When Fabienne Cherisma was shot and killed by a police officer for looting in the aftermath of Haiti’s cataclysmic earthquake of 2010, Nathan Weber was there to capture the scene on camera, as seen in January’s This Picture selection. But Weber’s photograph shows us an event that seems tragic on more than one level, fanning the flames of an old controversy: When should a documentary photographer put down the camera and lend a helping hand?

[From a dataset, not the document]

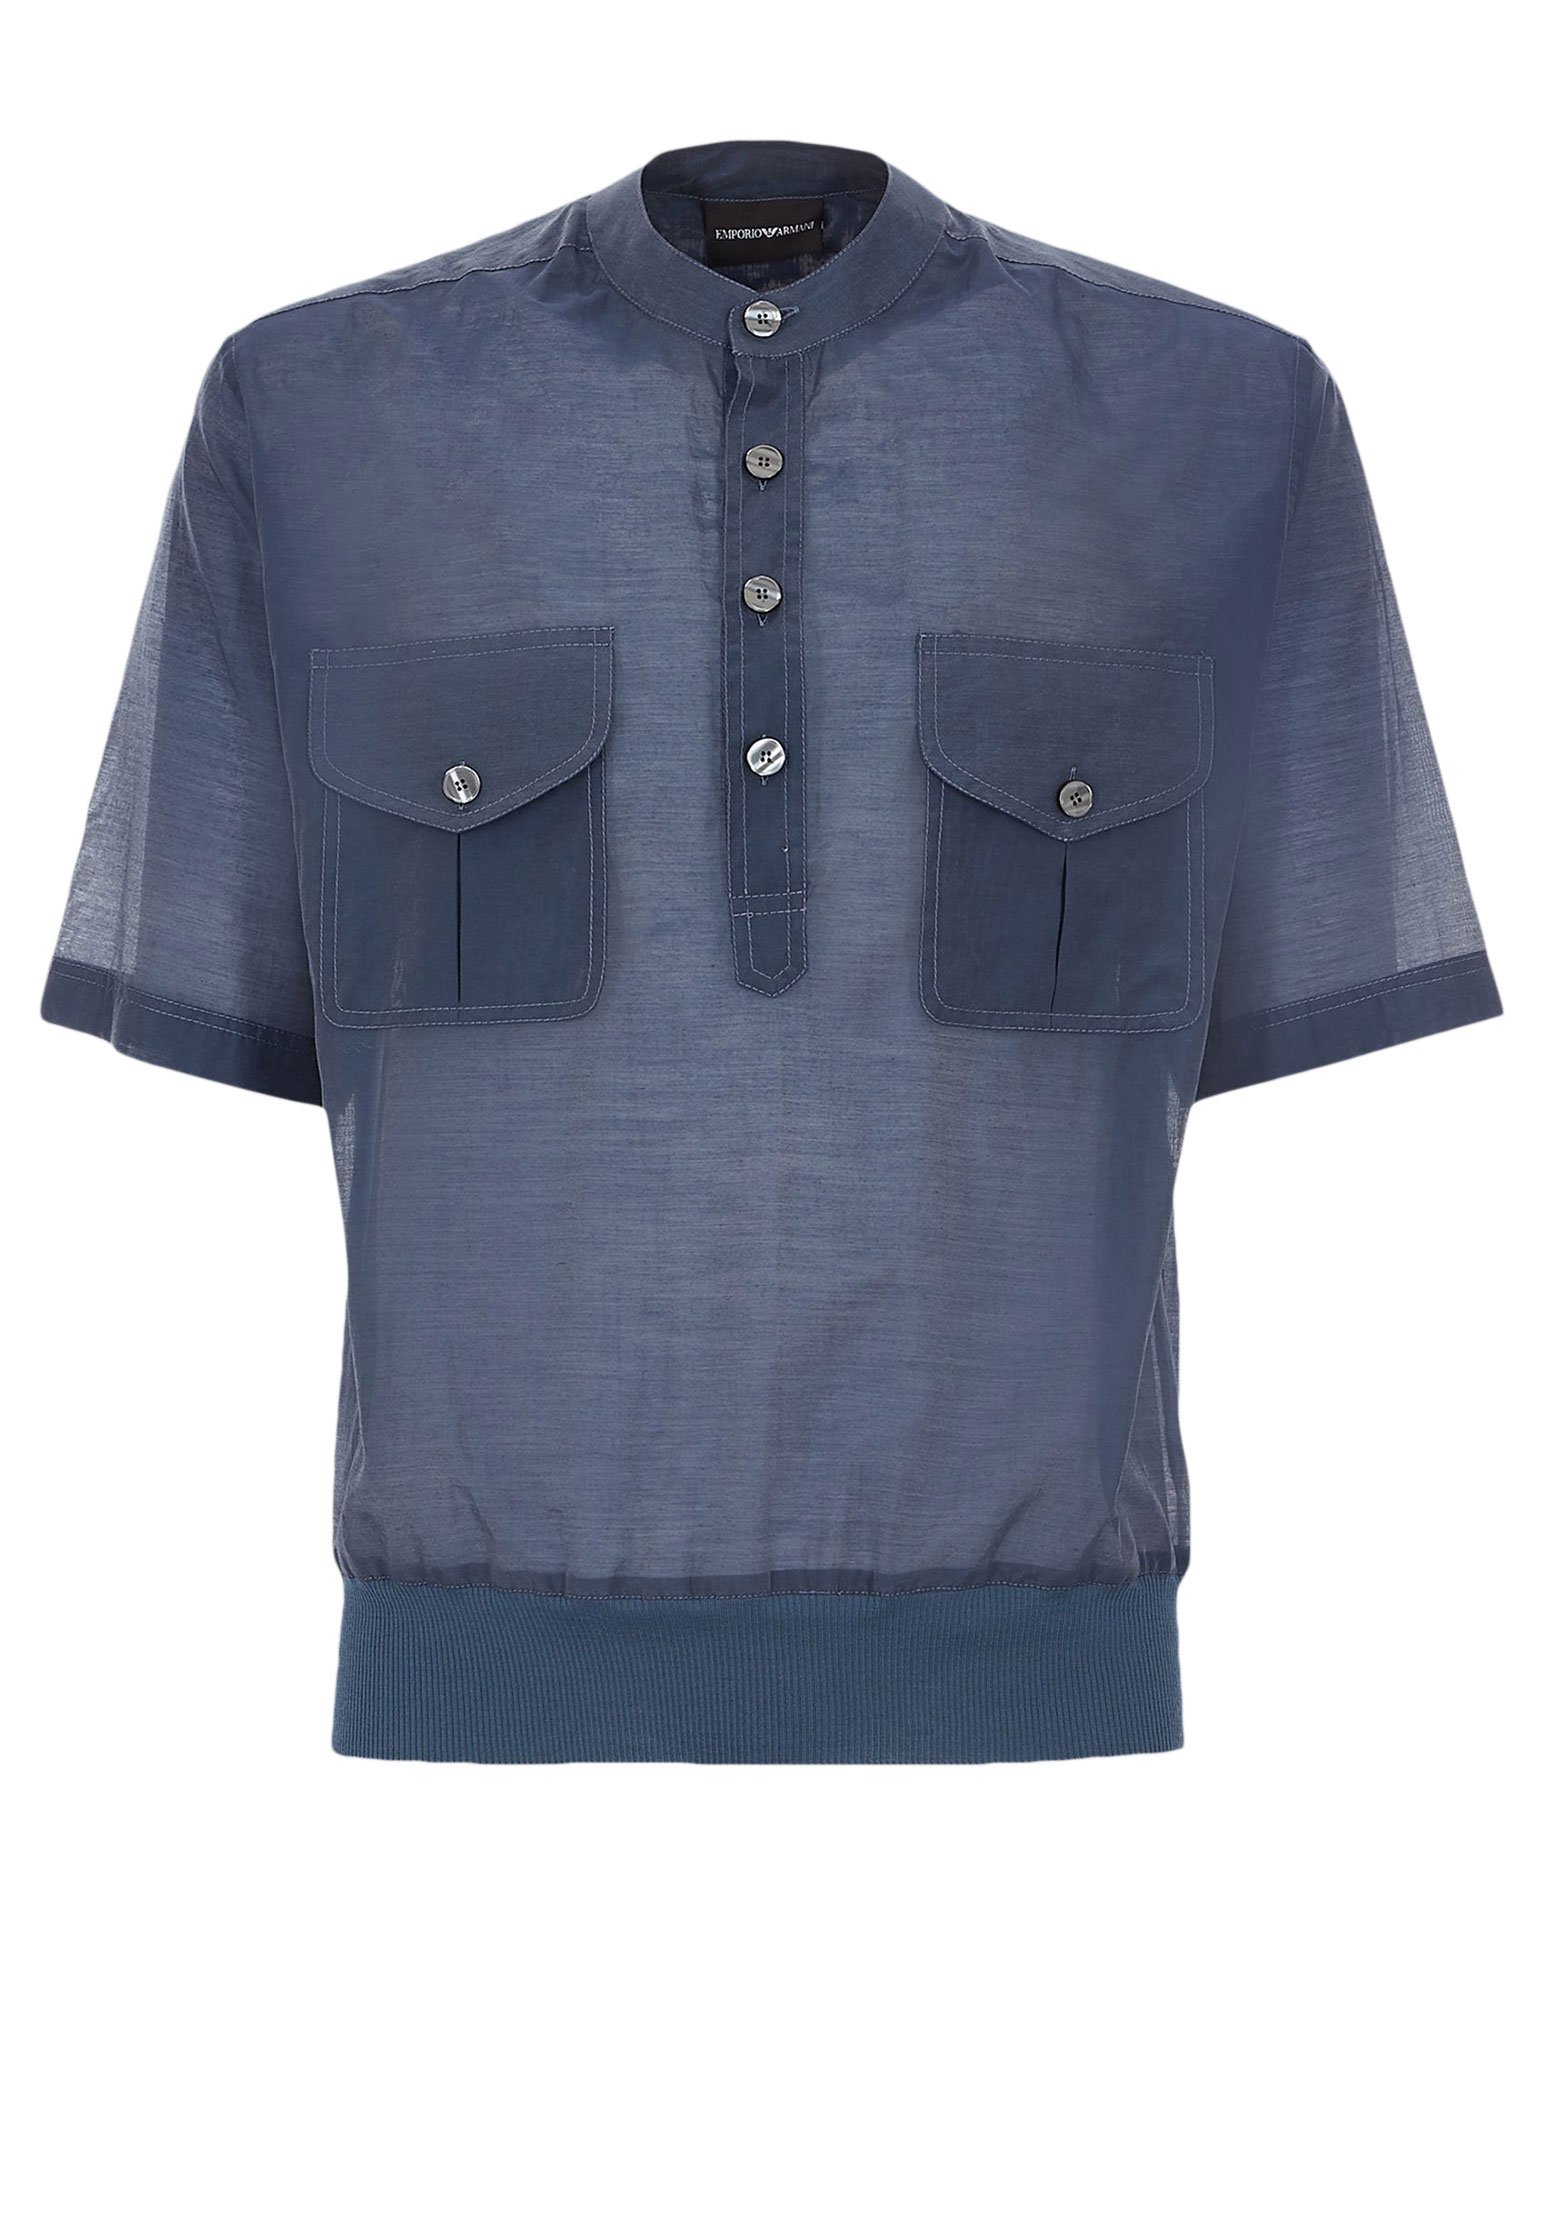 Рубашка мужская Emporio Armani 109330 синяя L

In his own commissioned response to this photograph, Fred Ritchin challenges the trope of the photographer-as-vulture, a sensation-seeker who tries to make a buck on someone else’s misfortune. Maybe the real issue, Ritchin argues, is the way the photograph is being used. When a single photographic moment is made to stand in for an event of lasting duration, we lose the benefit of the full story, the before-and-after that brackets every newsworthy event. And, perhaps unfairly, that single and oft-heralded decisive moment gets blown out of proportion as a result. Given the possibilities of the digital environment, it is now easier than ever to provide additional context to the interested reader. But the impact of the single iconic photograph under a front-page headline – whether in print or online – is undeniable. It’s a useful tool for selling a story. And since the photographer often has little control over how his or her image is placed in that story, is the entire news media industry at fault for making a single image stand in for a nuanced event? Or do we, as digitally-savvy readers, have a responsibility to seek out the relevant context and build a fuller picture for ourselves?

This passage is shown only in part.